I have a wide data frame that I want to convert to a long dataframe.
This isn't the actual wide dataframe I'm using. There are many more courses and many more 'values' for each course, so the dataframe is much wider than this. Not every course has all value columns associated with it (hence why bio1Csem is not there in the below dataframe).
I decided to attempt the solution on a smaller dataframe since I was running into so many issues on the larger dataframe). Unfortunately, I'm still struggling.
The data frame I'm working with:
>X = rbind( c( "1", "2.5","3.7","","2006 Fall","2007 Fall","Smith","Hu",""),
c( "2" ,"3.7", "3.7", "3.5", "2007 Spring", "2007 Fall",
"Smith","Hu","Langdon"), c("3" ,"4", "3.2", "4", "2007 Spring", "2007 Fall",
"Smith","Hu","Langdon"))
> colnames(X) = c('id','bio1Agrade','bio1Bgrade','bio1Cgrade','bio1Asem',
'bio1Bsem','bio1Aprof', 'bio1Bprof','bio1Cprof')
> X
id bio1Agrade bio1Bgrade bio1Cgrade bio1Asem bio1Bsem bio1Aprof bio1Bprof bio1Cprof
[1,] "1" "2.5" "3.7" "" "2006 Fall" "2007 Fall" "Smith" "Hu" ""
[2,] "2" "3.7" "3.7" "3.5" "2007 Spring" "2007 Fall" "Smith" "Hu" "Langdon"
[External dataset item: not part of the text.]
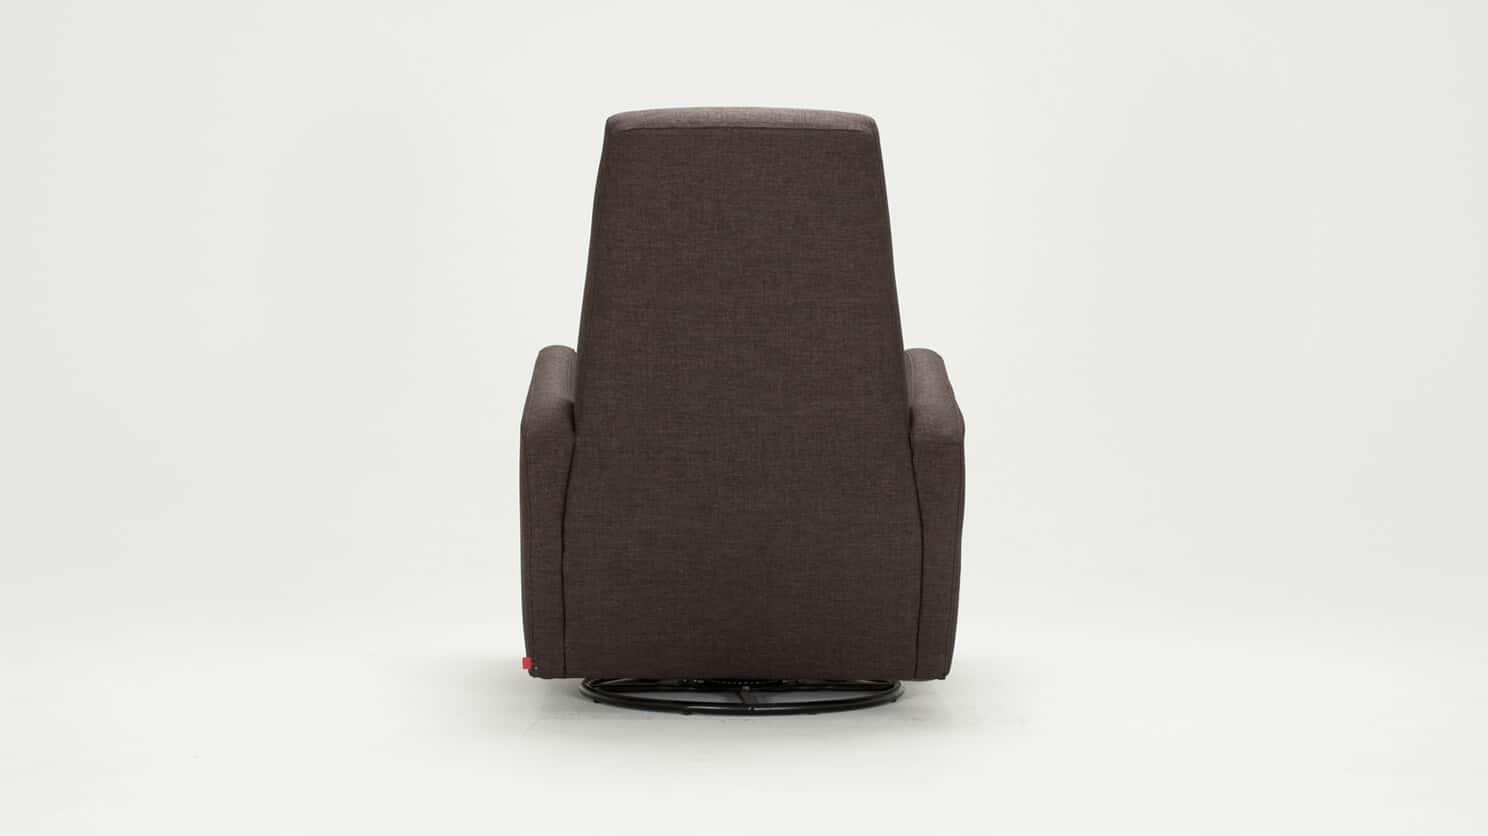 30073 71 8 chairs karbon swivel chair polo slate back 01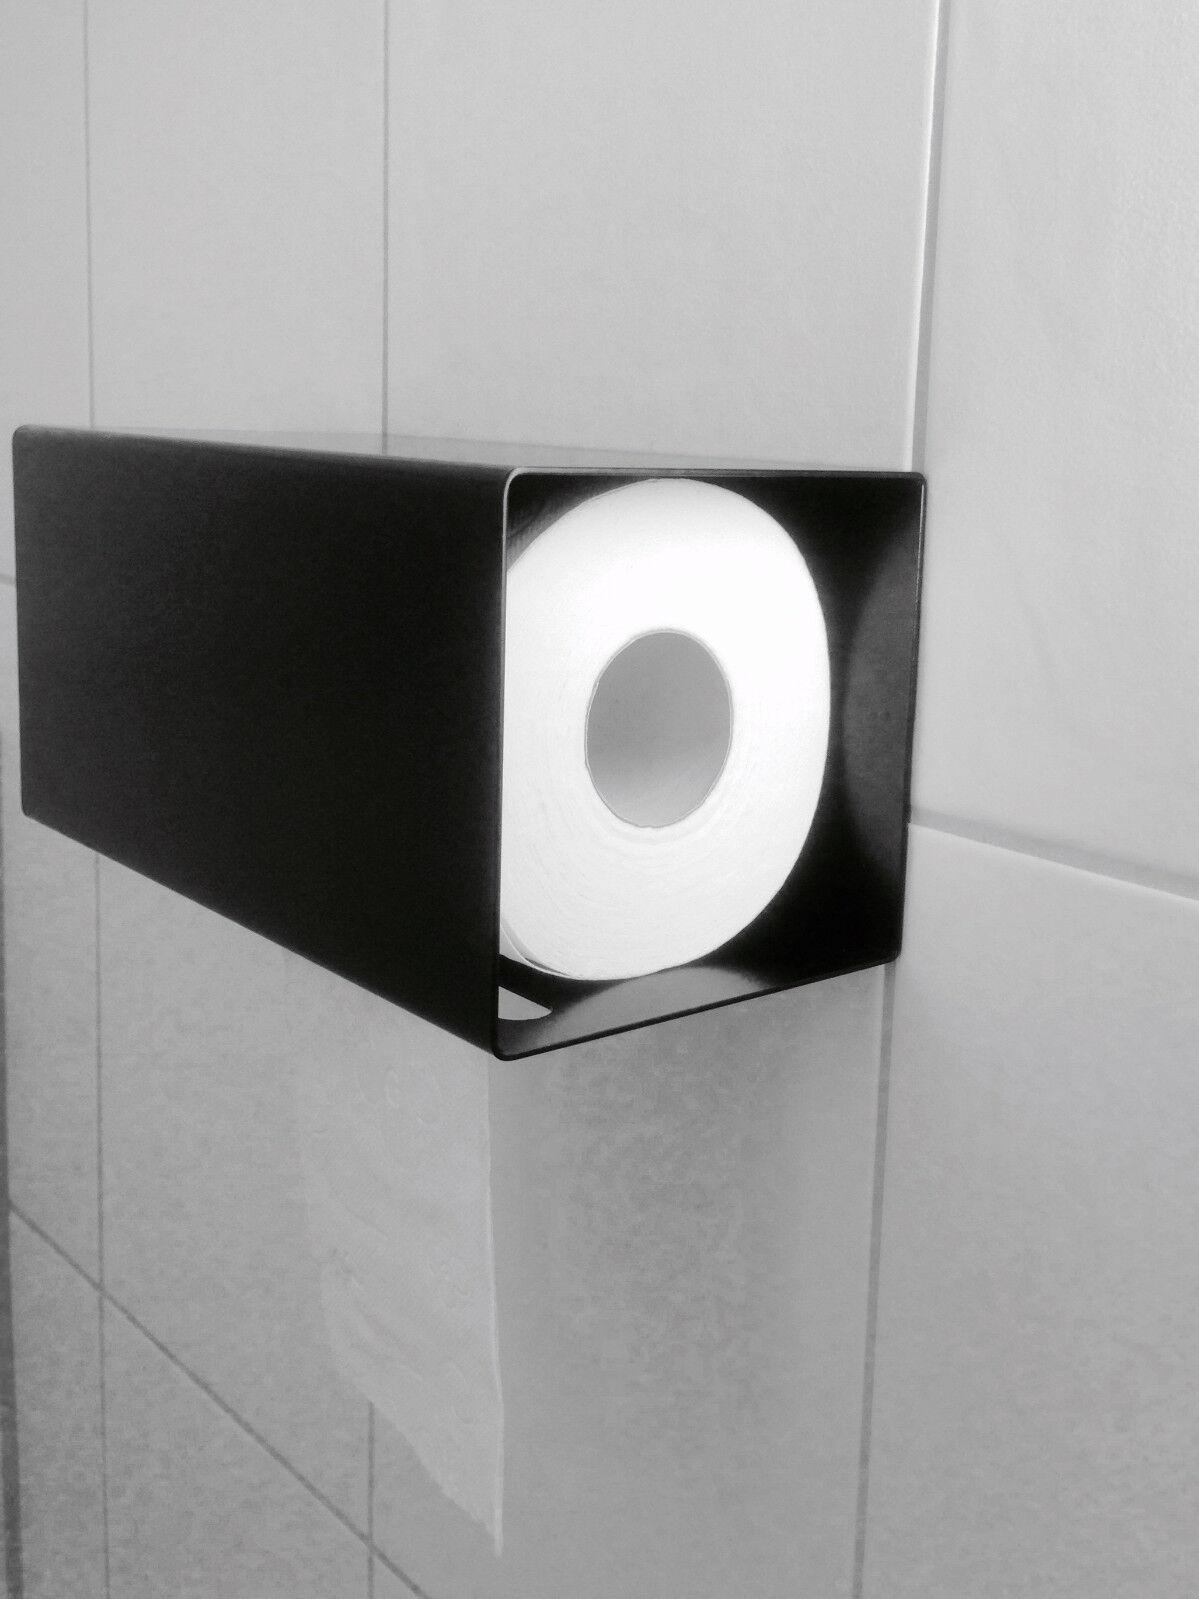 Klopapierhalter Klopapierhalter Klopapierhalter KlGoldllenhalter Designer Toilettenpapierhalter WC Bad schwarz c4a578

[3,] "3" "4" "3.2" "4" "2007 Spring" "2007 Fall" "Smith" "Hu" "Langdon"
I want it to look like this instead:
id course grade semester prof
1 bio1A 2.5 2006 Fall Smith
1 bio1B 3.7 2007 Fall Hu
1 bio1C
2 bio1A 3.7 2007 Spring Smith
2 bio1B 3.7 2007 Fall Hu
2 bio1C 3.5 Langdon
3 bio1A 4 2007 Spring Smith
3 bio1B 3.2 2007 Fall Hu
3 bio1C 4 Langdon
I figured reshape won't work since all my columns names are only characters without any obvious separators, and not all courses have, in this case, 3 columns that correspond to it.
I also thought about attempting a solution using tidyr, I'm struggling how to use it for multiple values.
Do any of you have a suggestion on how to go about this problem? Would it be easier to rename the columns, and add empty columns for courses that are 'missing' a column and use reshape? Is there another, ideally easier, way?